Source: Le Monde
MaiaSpace
Quatre ministres ont officialisé la création du site d’assemblage de la fusée réutilisable développée par la filiale d’ArianeGroup
Olivier Pinaud
Quatre ministres pour une fusée. Sébastien Lecornu (armées), Eric Lombard (économie), Marc Ferracci (industrie) et Philippe Baptiste (enseignement supérieur et recherche) se sont déplacés ensemble à Vernon (Eure), le 13 juin, pour officialiser la création de l’usine d’assemblage du futur lanceur de MaiaSpace, sur le site de sa société mère ArianeGroup. Cet atelier de 10 000 mètres carrés entraînera la création de 160 emplois, en plus des 300 salariés actuels. L’investissement se chiffre en dizaines de millions d’euros, dont une partie, non précisée, prise en charge par l’Etat dans le cadre du plan France 2030. La région Normandie engage 3 millions d’euros.
« Il a fallu qu’Elon Musk », dont la société SpaceX est en situation de quasi-monopole dans le lancement de satellites, « hasarde l’idée de couper l’Ukraine de son réseau » de communication Starlink pour que « nous nous disions, dans les capitales, dans les gouvernements, que la souveraineté, c’est l’espace », a déclaré Eric Lombard, pour justifier la mobilisation du gouvernement. Les quatre années de retard d’Ariane-6, finalement lancée en juillet 2024, ont privé l’Europe d’un accès à l’espace pendant neuf mois, la rendant dépendante du lanceur d’Elon Musk. Maia doit contribuer à lui redonner souveraineté et réactivité.
« Au regard des besoins militaires de l’Etat, nous devrons envoyer beaucoup de satellites dans les dix années qui viennent », a insisté M. Lecornu, maire de Vernon entre 2014 et 2015. Haute de 50 mètres, avec un diamètre de 3,50 mètres, Maia sera composée de deux étages principaux et un additionnel. Elle pourra mettre sur orbite différents types de satellites, des petits, pour les constellations télécoms, mais aussi des engins plus lourds. Surtout, son premier étage sera réutilisable jusqu’à cinq fois, ce qui réduira le coût des lancements par rapport à un gros lanceur comme Ariane-6. Maia servira de laboratoire grandeur réelle pour la future version d’Ariane.
Forte concurrence mondiale
Le premier vol commercial est prévu fin 2026 depuis le centre spatial guyanais de Kourou. Si tout se déroule comme prévu, le lanceur aura demandé quatre années de développement, contre près de dix ans pour les projets d’ancienne génération, et ce grâce à la réutilisation de technologies existantes d’ArianeGroup. Selon MaiaSpace, ce gain de temps doit permettre de diviser par trois les coûts par rapport à un lanceur traditionnel. ArianeGroup et ses deux actionnaires, Airbus et Safran, assurent le financement de MaiaSpace, dont le coût du programme est estimé à plusieurs centaines de millions d’euros.

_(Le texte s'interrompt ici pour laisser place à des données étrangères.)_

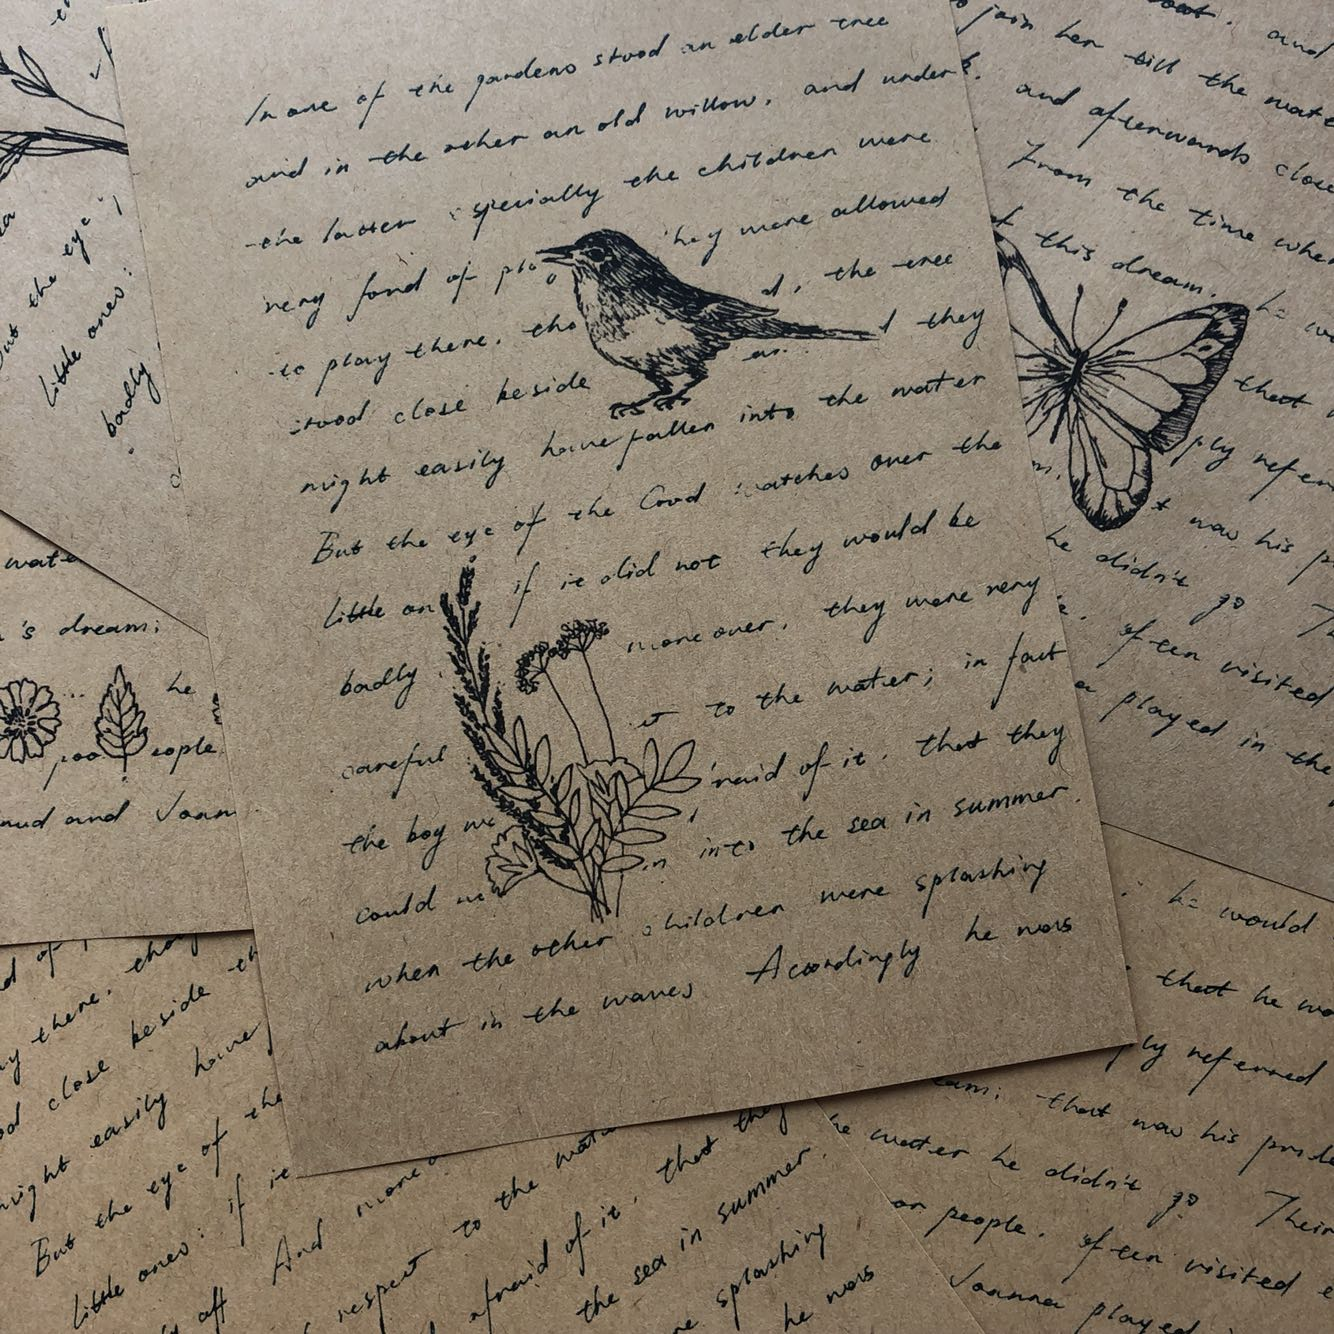 6 Pcs\set Retro English Kraft Paper Vintage Plant Junk Material Paper Set For Scrapbooking Happy Planner/Card Making/Journaling
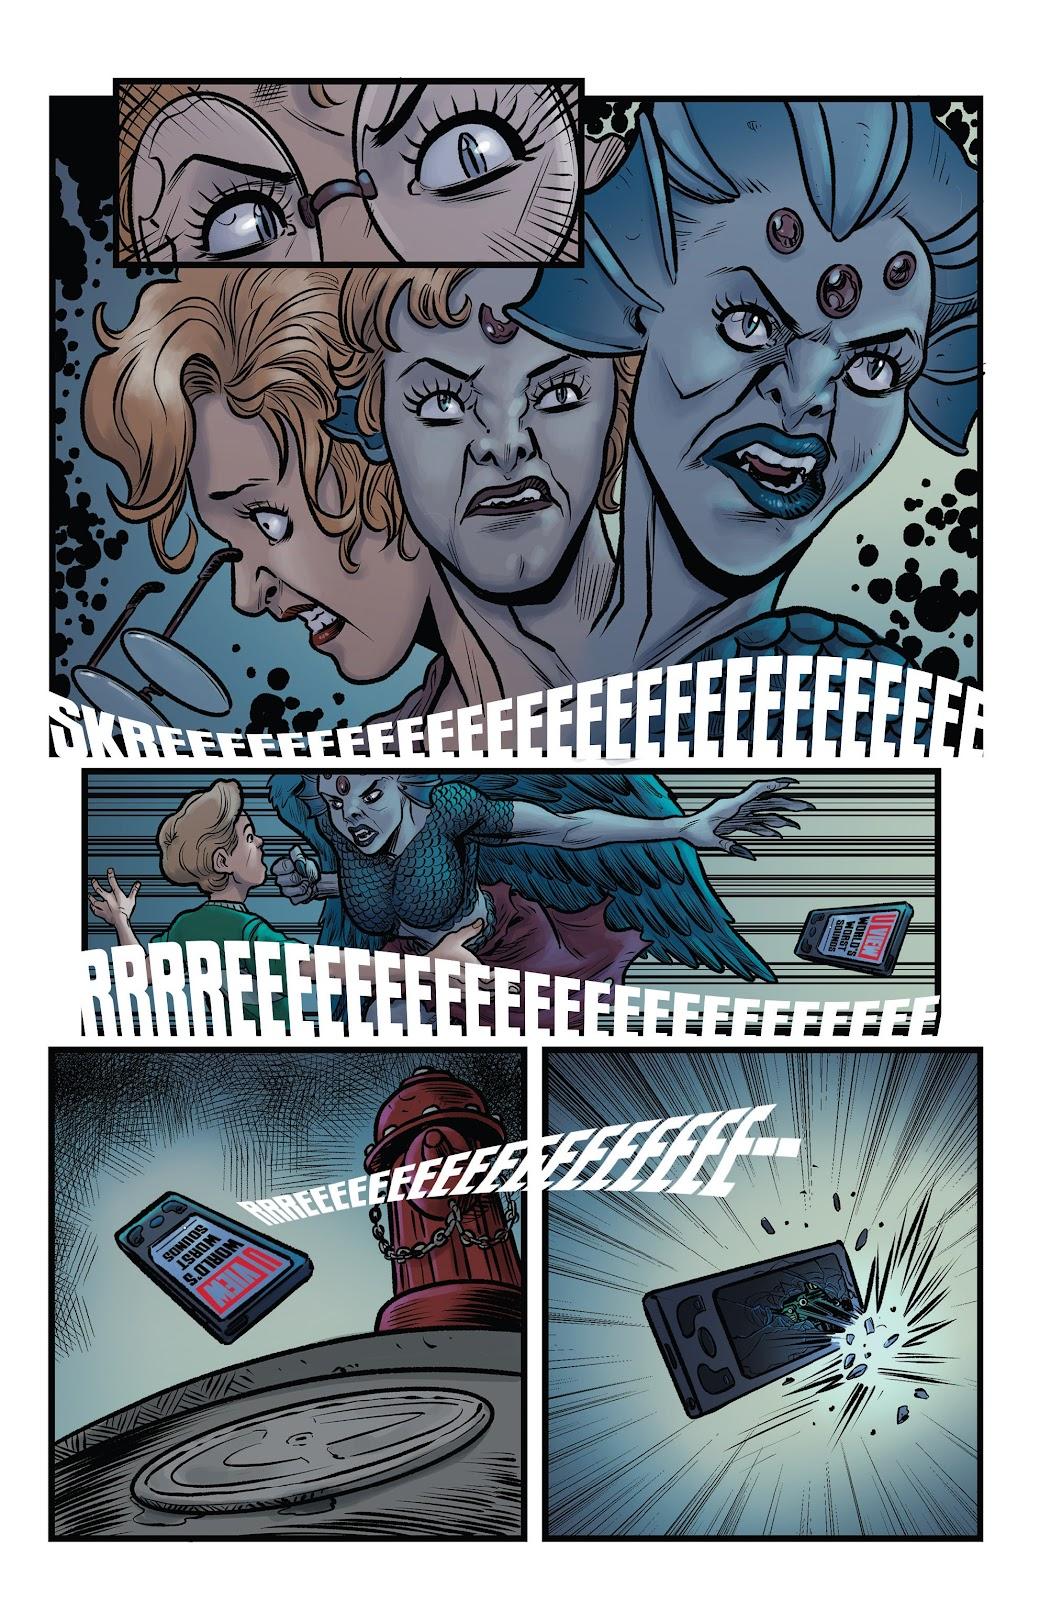 Read online Black Betty comic -  Issue #8 - 8

Ce projet s’inscrit dans un contexte de forte concurrence mondiale, américaine et chinoise, mais aussi européenne : Isar Aerospace, RFA et HyImpulse, en Allemagne ; Avio en Italie ; ou Orbex au Royaume-Uni. La course à l’espace se joue aussi en France : le gouvernement pousse trois autres projets de microlanceurs (Latitude, HyPrSpace et Sirius).